In Autumn 2014, Lowman was writing music to accompany a new series of videos produced by Stone Brewing Co., which tell the stories behind the company's various brews. The following Spring, a new video "Roam With You" was filmed and recorded live in a motorcycle machine shop, released online before the band embarked on a west coast tour through June, 2015. They supported Brian Setzer and his Orchestra for a 28-date national Christmas Rocks tour that ran through December 21 in Seattle, WA.

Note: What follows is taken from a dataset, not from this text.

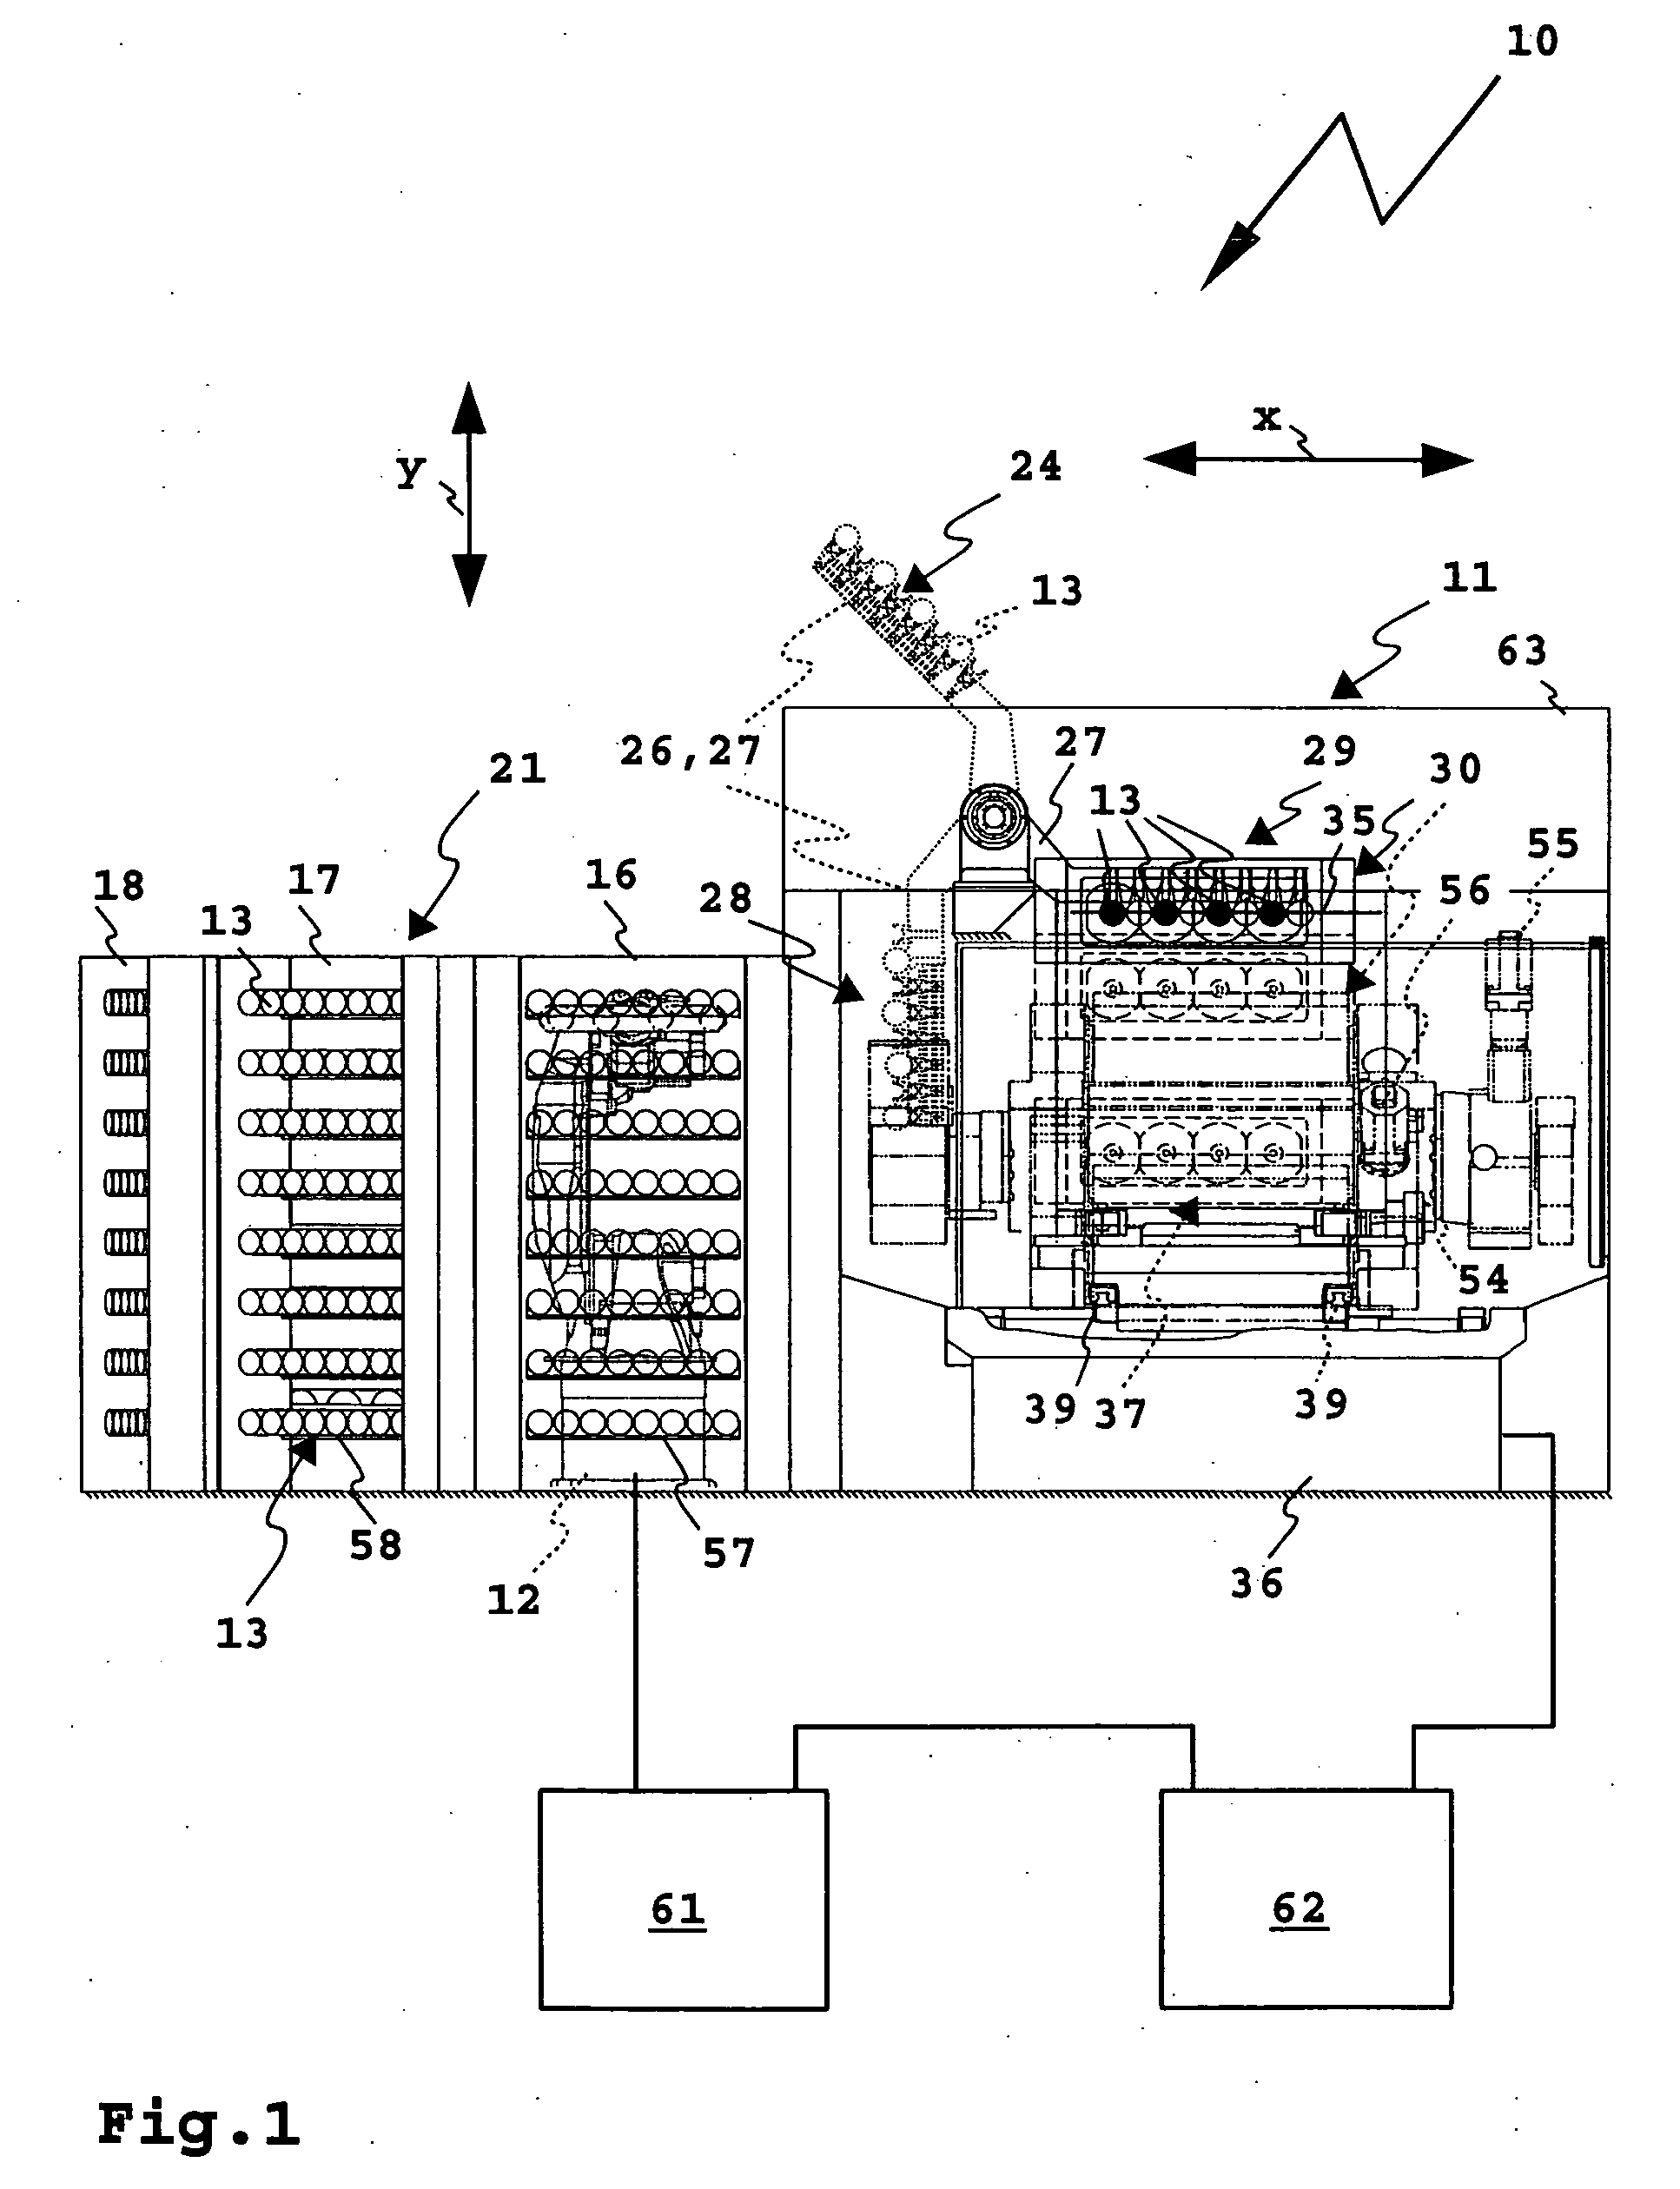 Processing machine arrangement with robot and a tool magazine

After Holwerda relocated to Nashville, TN, Lowman followed in 2016, although he eventually returned to San Diego, while Holwerda stayed in Tennessee. “I fell in love in Nashville on tour with Blackout Party,” says Lowman of his two years there. “At the time, you could rent a two-bedroom house on ¾-acre in East Nashville for $650, and all your neighbors were musicians. It made so much sense to be where music ruled the town and people shared the same passion. Plus it’s a great hub for touring the south and east coast.”
The 2018 comedy Super Troopers 2 features their song "My Fixin," alongside tracks by fellow locals Blackout Party and Stephen Pearcy. When the entire Roam With You CD was finally released that year, it shipped with a handwritten thank you note, stickers, and a bonus holographic Low Volts guitar pick that reads "Property of Low Volts."